## AIM OF THE TASK
Reproduce the data that follows character for character, but omit its pictures.

## EXERCISE DATA
════════

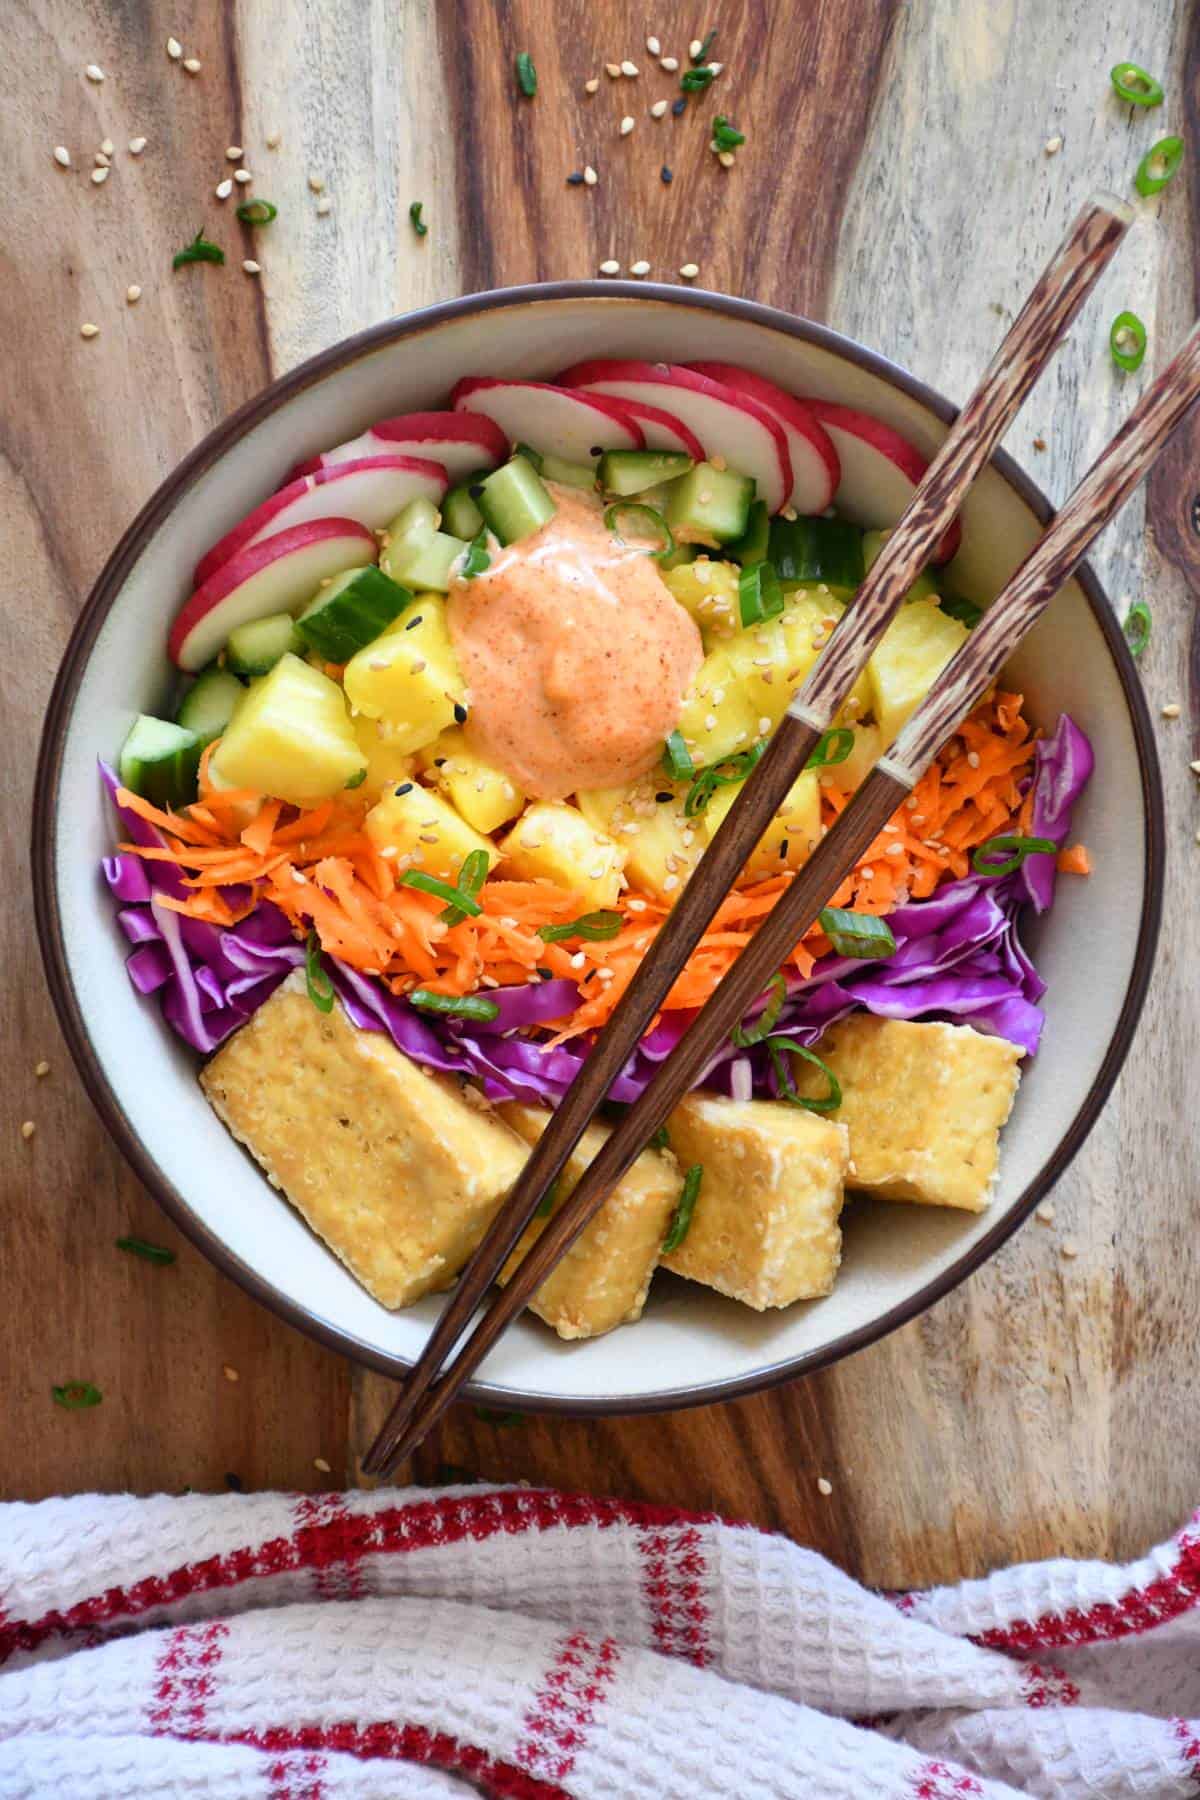 Vegetarian poke bowl made with fresh vegetables, brown rice, baked tofu and paprika sauce.
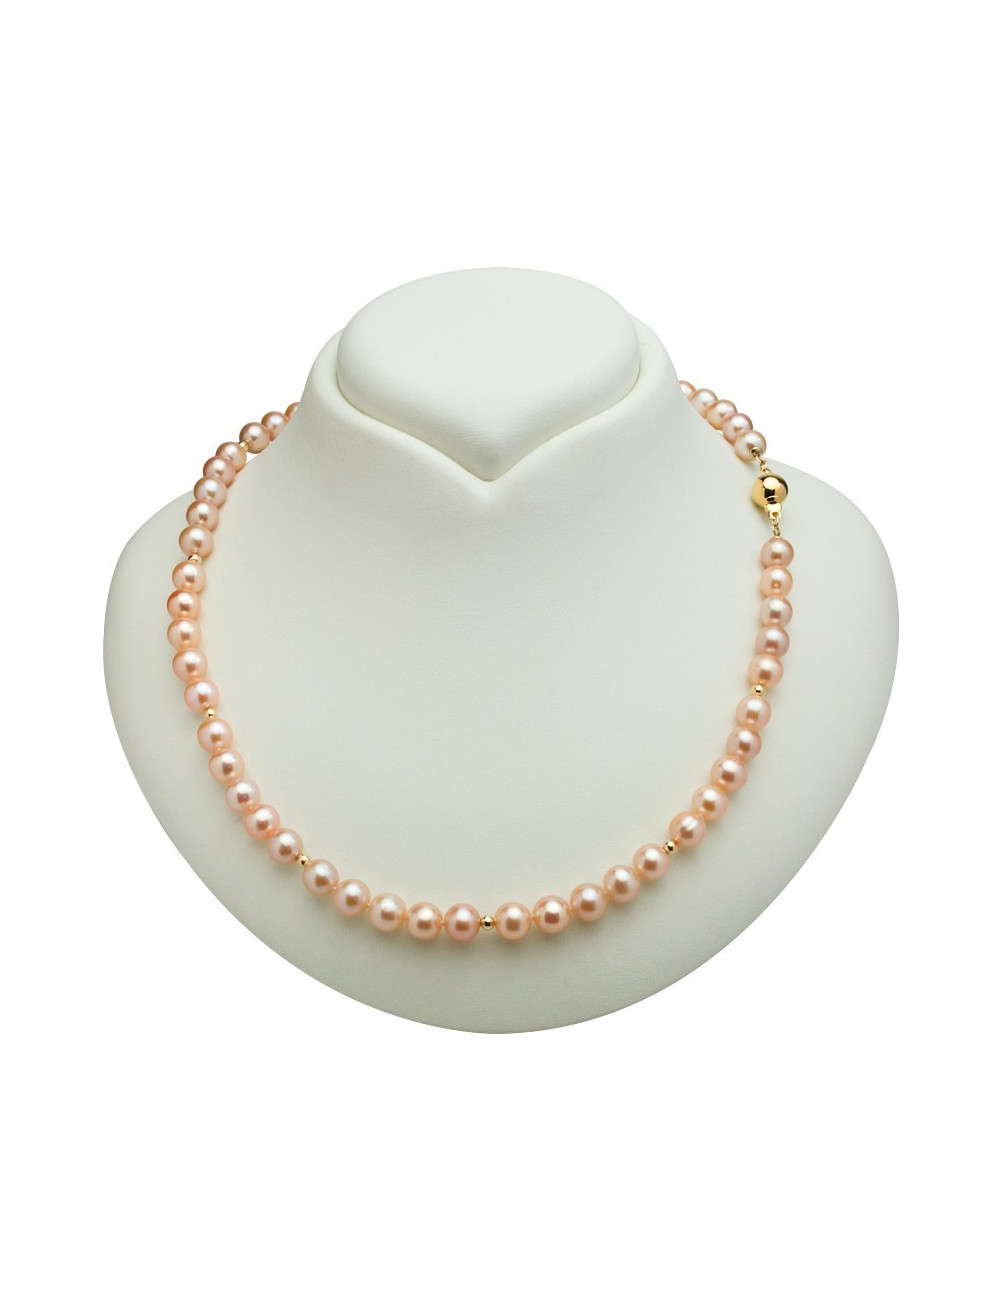 Necklace of pink pearls, decorated with gold ball-shaped elements B078kuG3
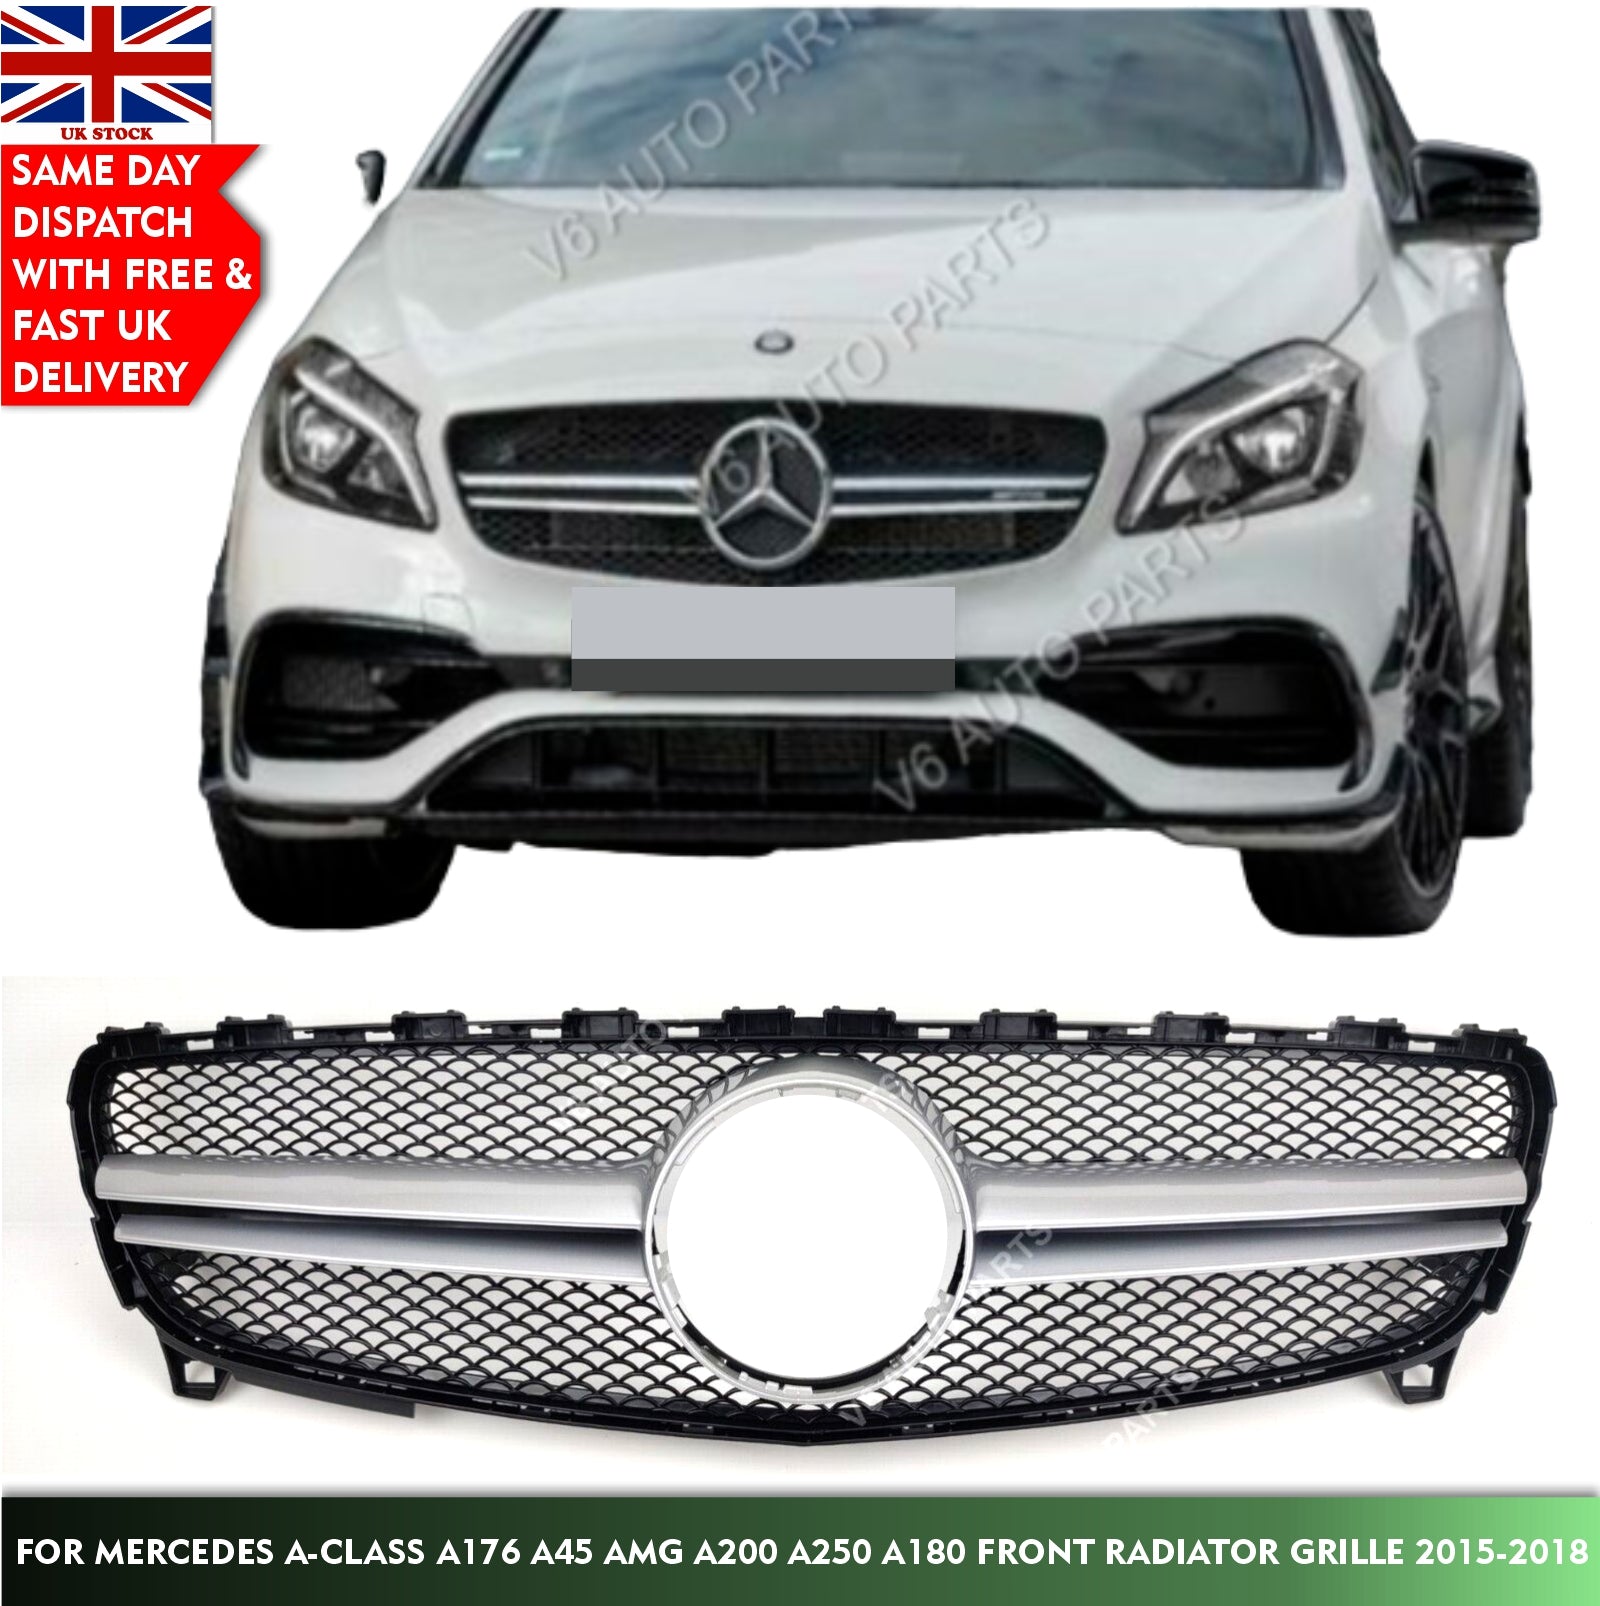 For Mercedes A-Class A176 A220 A250 Grill A45 AMG Front Radiator Grille 2015-18

════════

## ANSWER TO THE EXERCISE
 Vegetarian poke bowl made with fresh vegetables, brown rice, baked tofu and paprika sauce.
 Necklace of pink pearls, decorated with gold ball-shaped elements B078kuG3
 For Mercedes A-Class A176 A220 A250 Grill A45 AMG Front Radiator Grille 2015-18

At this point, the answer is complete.